例:「何をしても楽しくない」「気分が沈んで何もやる気が出ない」 - 躁気分
異常に高揚した気分が続く状態。自信過剰になり、活動的で話が止まらなくなることがある。
例:「なんでもできる気がする」「エネルギーが溢れて眠らなくても平気」 - 感情失禁
ちょっとしたことで涙を流したり、笑いが止まらなくなるなど、感情を抑えられなくなる状態。

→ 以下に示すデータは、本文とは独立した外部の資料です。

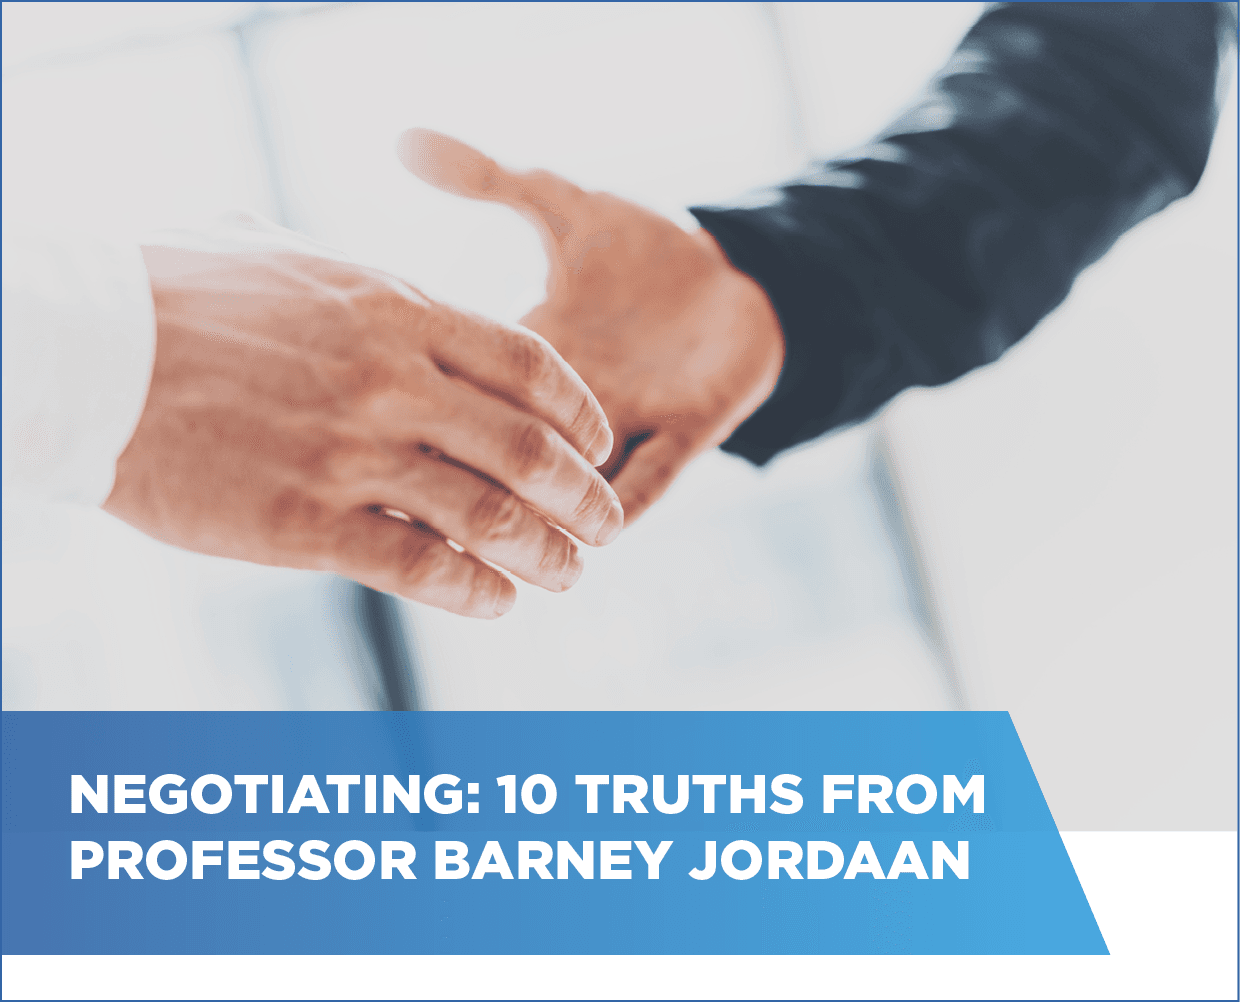 Negotiating: 10 truths from Professor Barney Jordaan

例:「些細なことで涙があふれる」「自分でも制御できず突然笑い出す」 - 感情鈍麻
喜怒哀楽の感情が乏しくなり、周囲の出来事に対して反応が薄くなる状態。.
例:「嬉しいことがあっても何も感じない」「何が起きても無関心で感情が湧かない」
記憶に関する症状
- 前向性健忘
新しい記憶を形成できない状態。 - 逆向性健忘
過去の出来事を思い出せない状態。 - 作話
記憶の欠損を補うために、無意識のうちに作り話をしてしまう現象。 - 記憶錯誤
実際には体験していないことを、あたかも体験したかのように思い出してしまう現象。 - 見当識障害
時間、場所、人物など、自分が置かれている状況を認識する能力を見当識といい、これらのいずれか、またはすべてが障害された状態をいいます。
意識に関する症状
- 意識障害
昏睡
完全に意識を失い、強い刺激を与えても反応しない状態。
昏迷
外部刺激に対する反応が極端に低下し、ほとんど動かない状態。強い刺激に対してわずかに反応が見られることがある。
意識混濁
意識がはっきりせず、注意や判断力が低下している状態。
意識変容
意識の清明さが低下し、幻覚や錯覚、興奮などの精神症状が現れる状態。
- せん妄
注意や理解、記憶などの機能が急性に低下し、変動することを特徴とする状態。
その他の症状
- カタレプシー
筋肉の緊張が異常に高まり、受動的に取らせた姿勢を長時間保持してしまう。 - カタプレキシー
強い感情(驚き・笑い・怒り・興奮など)によって、突然筋肉の力が抜ける発作。 - アカシジア
じっとしていられず、体を動かさずにはいられない不快な感覚。抗精神病薬の副作用によるものが多い。